Moreover, central node development in the left side was higher than that in the right side; specifically, there was preferential development of advanced language-related function of the newborn. The left side of the healthy newborn is usually 4.3% larger than the right side,³⁵ which is consistent with our findings. Notably, infants with HIBD had missing regional central nodes responsible for language-related advanced cognitive functions, including channel 8 (left middle frontal gyrus), 15 (left upper frontal gyrus dorsal), and 30 (right central posterior gyrus). The central nodes are responsible for integrating information from each functional region to complete efficient resource allocation and operation; moreover, their absence could cause delayed cognitive function development in newborns. On the other hand, the sample size limits further discussion of distribution of the central nodes. Although the central nodes were not selected as features for classification in this study, their low level of development for HIBD infants makes them still worth collecting for verification, which may build a relationship between HIBD and functional networks.
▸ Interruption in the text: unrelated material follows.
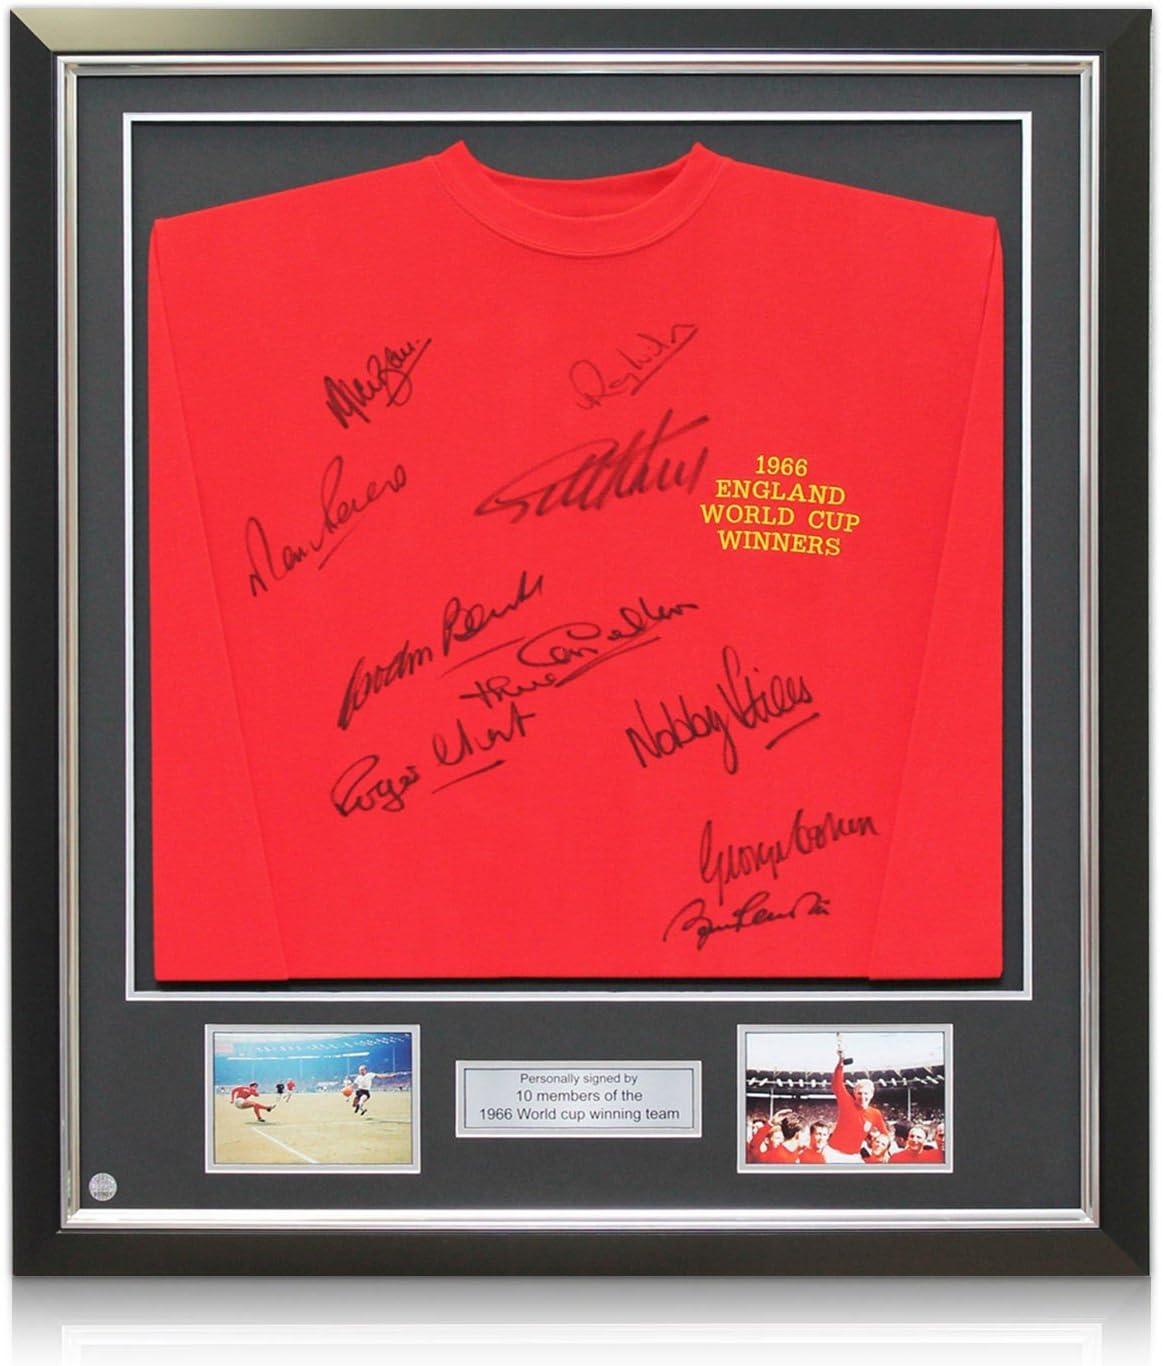 Inglaterra Copa del Mundo 1966 Equipo ganador camiseta firmada En Deluxe Negro Marco Con embutido de la plata: Amazon.es: Deportes y aire libre

Taken together, sustained brain damage could disrupt the development of key structural and functional networks, which leads to neurological development disorders in newborns. fNIRS-based analysis of the resting-state brain network could be applied to identify abnormal features regarding brain functional development in infants with HIBD, which contributes to the pathological understanding and clinical diagnosis of the disease. There are also some limitations and suggestions given based on our results. The small sample size restricts the statistical power to a certain extent. We have not made a more in-depth pathological analysis of HIBD. In future studies, fNIRS and clinical manifestations of HIBD will be combined to assess the association between the network of lesions and the core symptoms. Moreover, we expect to mine as many effective features as possible in a fixed threshold range for the needs of clinical diagnosis. The sparsity segment near 0.3 was a recommended threshold range and could be used as a reference for future research on infant brain functional connectivity.

5.

Conclusion

This is the first study to conduct fNIRS analysis of the resting-state brain network for assessing brain function levels in children with HIBD.

By exploring brain network attributes, we observed significant between-group differences in various aspects, including functional connectivity intensity, node center, and information transmission between brain regions. These findings provide a theoretical basis for the clinical characterization of mental retardation, cerebral palsy, convulsion, and cognitive dysfunction in children. Further, according to specific network defects, the extracted sensitivity index based on small-world attributes, efficiency, modularity, and node degree could be effectively applied to identify patients, which indicates that fNIRS-based analysis of the resting-state brain network could be an exciting tool for assisting in the early clinical diagnosis of HIBD. Future studies should assess the utility of this technology for other types of neonatal brain injury.